Aan de muren van de werkkamer van bestuurder Albert Vlemmix van Maria-oord hangen een paar opvallende oorkondes. Niet zonder trots licht Vlemmix ze toe. Twee keer het verpleeghuis met het laagste ziekteverzuim van Nederland. En de officiële erkenning van de experiment-status door VWS. Maar om officiële schouderklopjes is het Vlemmix niet te doen. Een omslag in denken over de zorg, of beter nog: een daadwerkelijk andere manier van werken, dat is wat Vlemmix drijft.

Veiligheid en vertrouwen

“Waar het in de zorg om gaat, is de mens. Mensen hebben behoeften en die zijn allemaal redelijk hetzelfde. Veiligheid en vertrouwen zijn voor iedereen belangrijk. Als je met dementie wordt geconfronteerd, voel je je juist onveilig en kwetsbaar. Dus wij proberen vertrouwen en veiligheid terug te brengen. Dat doen we door naar de mensen zelf te gaan, waarbij we de omgeving vragen om mee te doen. In gesprek gaan en vervolgens doen wat mensen echt willen.
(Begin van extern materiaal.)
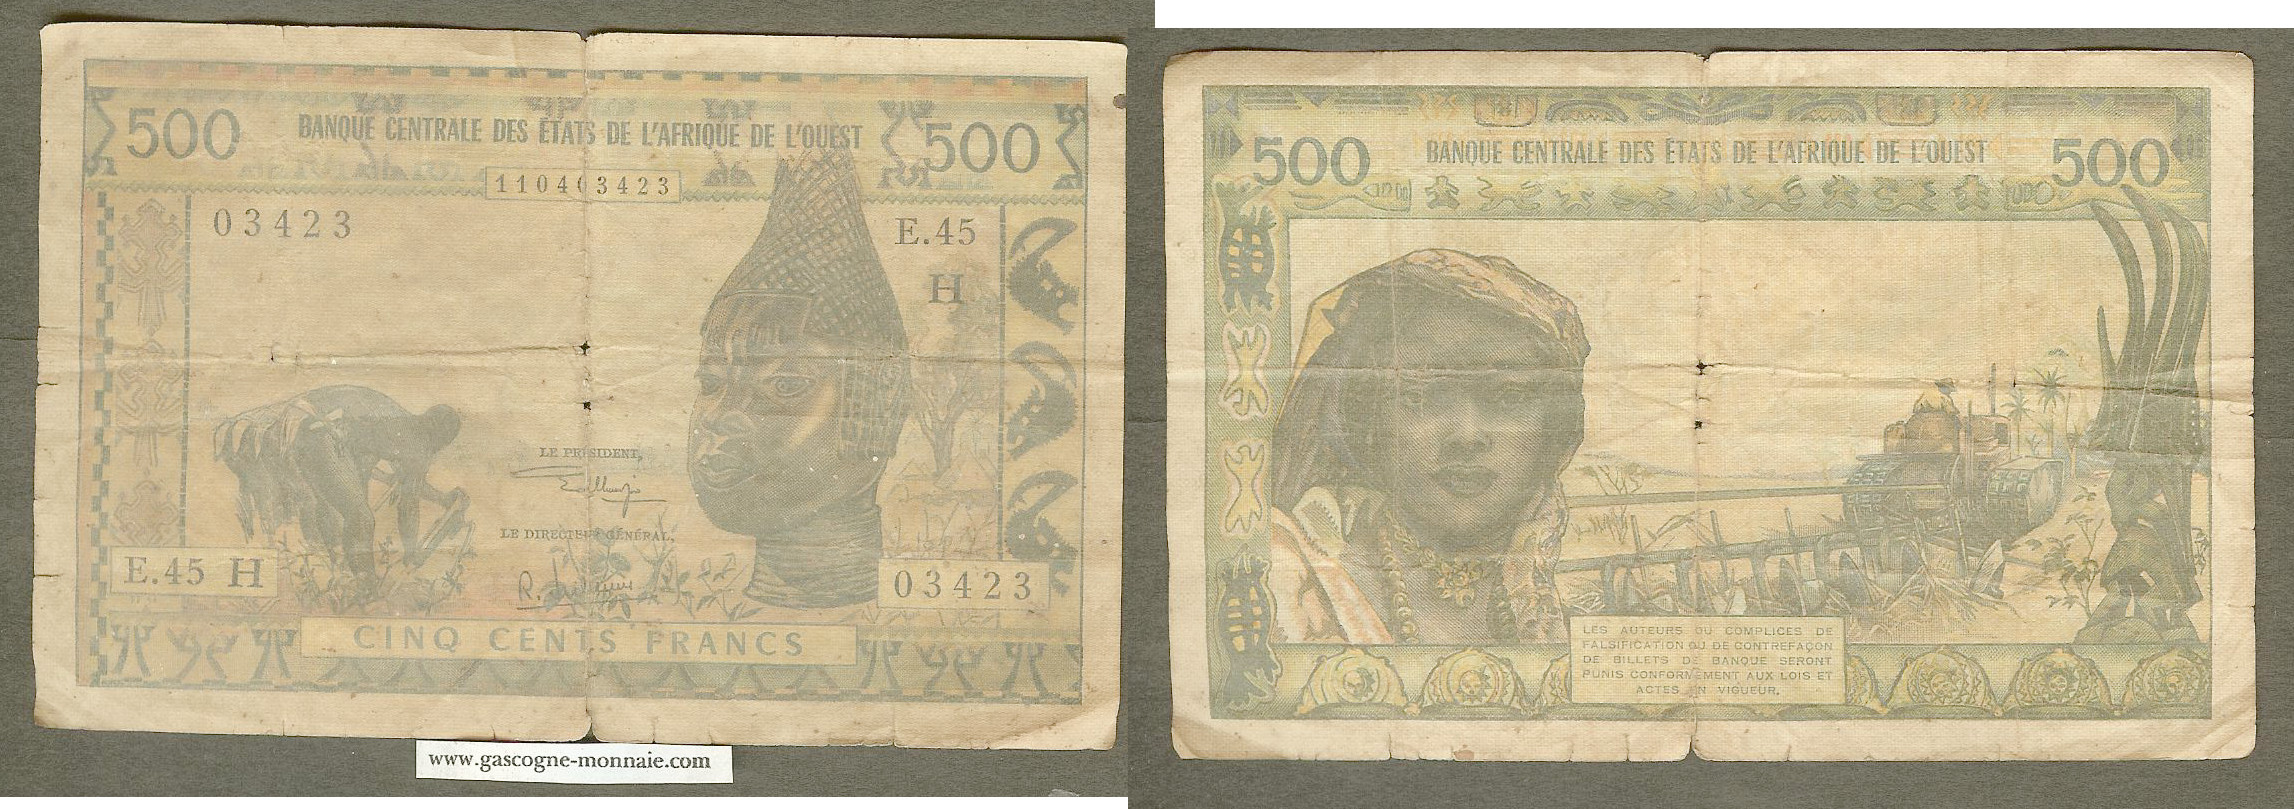 500 Francs ÉTATS DE L\'AFRIQUE DE L\'OUEST 1973  TB

Iedereen die je dit vertelt snapt het, maar het systeem maakt het complex.”

Fragmentatie

Eén van die problematische systeemkenmerken is fragmentatie. De zorg voor ouderen is verdeeld over zeker drie juridische domeinen, te weten de Wmo, Wlz en Wvz. Voorspelbare gevolgen van deze knip zijn onnodig papierwerk, financieringsproblemen, oneigenlijke prikkels en slechte klantervaring. Die fragmentatie wordt volgens Vlemmix versterkt door achterhaald bedrijfsmatig denken.

“Het ging jarenlang over procesoptimalisatie”, stelt Vlemmix. “Opknippen is wat de overheid deed. Maar het Tayloriaanse denken van PxQ in de zorg werkt gewoon niet meer. De ouderenzorg zoals wij die kennen stamt uit de jaren zeventig en tachtig van de vorige eeuw. Als je denkt dat die nog twintig jaar verder kan, ga je zoals ActiZ om 25.000 extra bedden vragen. Stel dat we die krijgen, waar halen we dan het personeel vandaan? We lopen tegen grenzen aan.”
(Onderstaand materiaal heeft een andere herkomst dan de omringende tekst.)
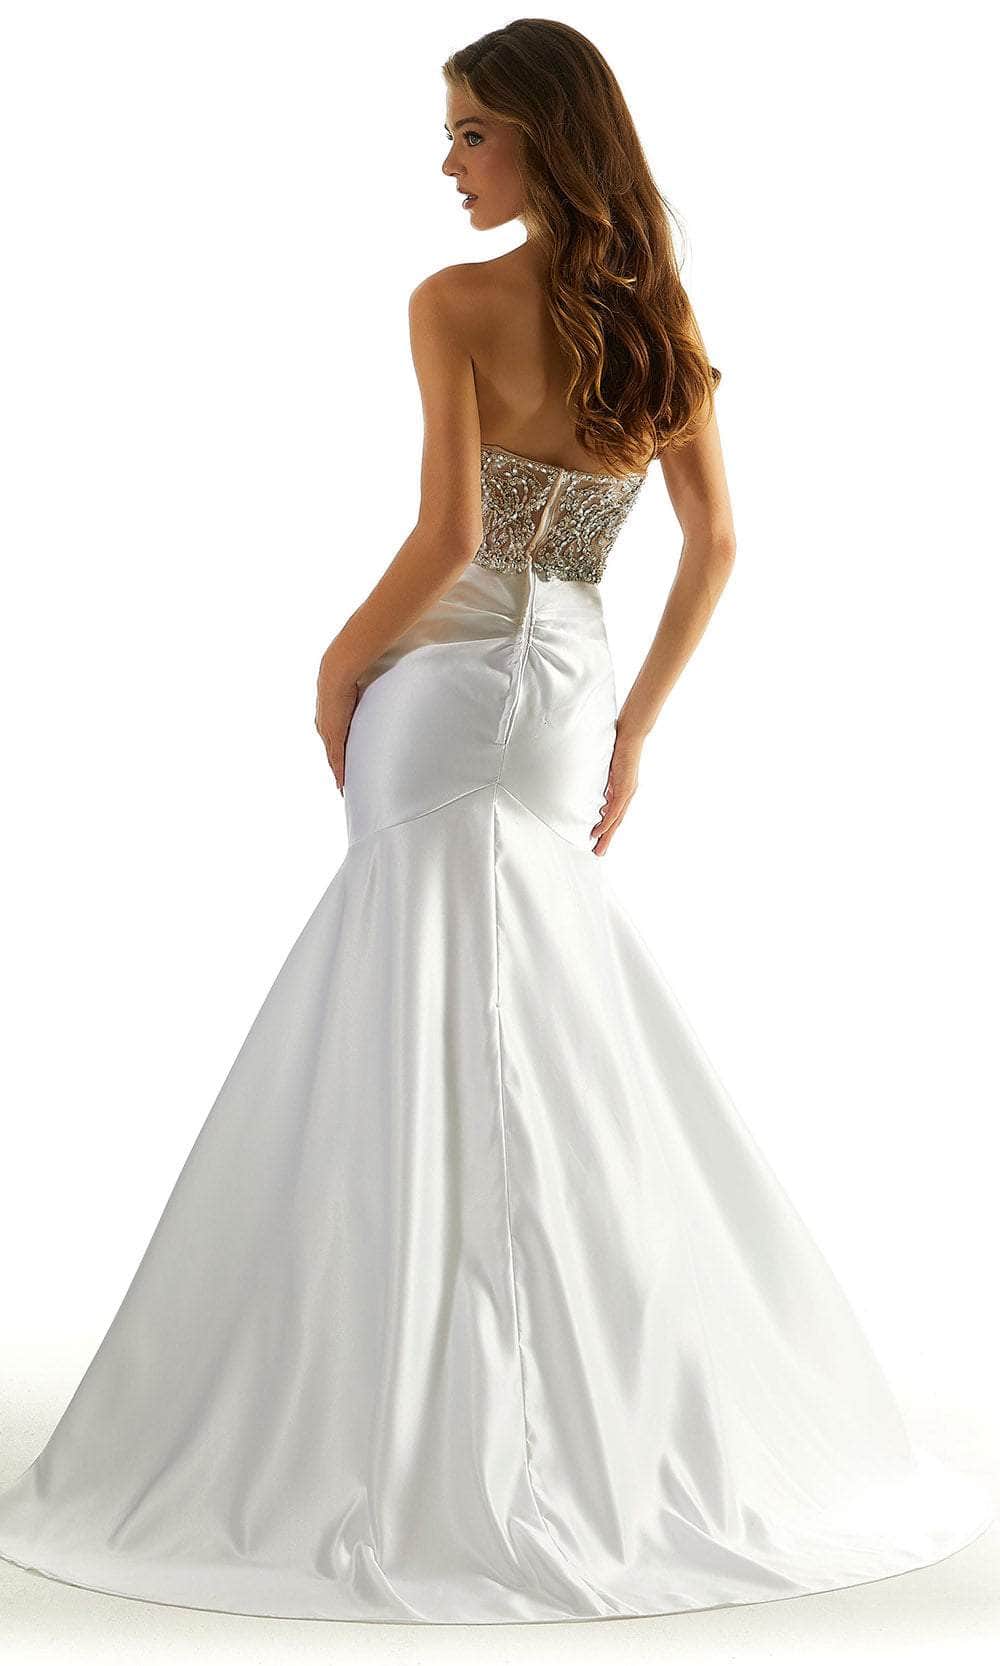 Mori Lee 49090 - Strapless Mermaid Gown Prom Dress

Vrijheid geven en loslaten

De enige manier om niet tegen deze grenzen te pletter te lopen, is volgens Vlemmix een andere manier van werken. “Het is een maatschappelijk probleem. Dus we moeten over die domeinen heen. Dan ga je een andere vorm krijgen. Die heet maatwerk. Dat betekent ook dat niet iedereen hetzelfde krijgt. Dat moet je kunnen uitleggen. Misschien zit de blinde darm bij iedereen op dezelfde plaats, maar het is voor mensen in Heerlen echt anders dan in Blaricum. Je moet meer vrijheid geven en loslaten. Terwijl ons systeem juist is ingericht op steeds meer controle.”

Medicaliseren

Een ander pijnpunt is in Vlemmix’ optiek de reflex om maatschappelijke problemen te medicaliseren. “Oud zijn is geen medische conditie”, zegt Vlemmix. “Hoogleraar Joris Slaets rekende al uit dat er met 80 procent van de ouderen niets aan de hand is. Als er wel iets aan de hand is, moet je daar vanzelfsprekend naar kijken. Maar het is niet zo dat je ineens alles medisch moet gaan doen.”

Toch is dat laatste volgens Vlemmix precies wat de Nederlandse zorg doet. “Voor ondersteuning moet je naar een huisarts die een indicatie geeft. En we sturen verpleegkundigen naar eenzame mensen. Maar 40 procent van de mensen komt niet in een verpleeghuis omdat ze zo ziek zijn, maar omdat de steunstructuur wegvalt. De mantelzorg kan het niet meer aan.”

“Het is niet zo dat wij proberen te voorkomen dat ouderen naar het verpleeghuis gaan. Er kan altijd een moment zijn dat het thuis niet meer gaat. Maar als wij het gevoel veiligheid en vertrouwen helpen herstellen, kunnen kwetsbare ouderen langer het leven blijven leven zoals ze dat willen, in hun eigen vertrouwde omgeving.”

Klanttevredenheid

Die benadering kan niet alleen rekenen op fors hogere klanttevredenheid, ook de financiële winst is aanzienlijk. Onderzoeksbureau Significant Public nam in opdracht van VWS het domein-overstijgend werkend in Dongen en twee vergelijkbare pioniersprojecten in Ede en Hollandsche Veld onder de loep. Alle drie de projecten hebben van VWS een officiële experimentstatus gekregen. Hierdoor mogen ze ,verschillenden financieringsstromen bundelen.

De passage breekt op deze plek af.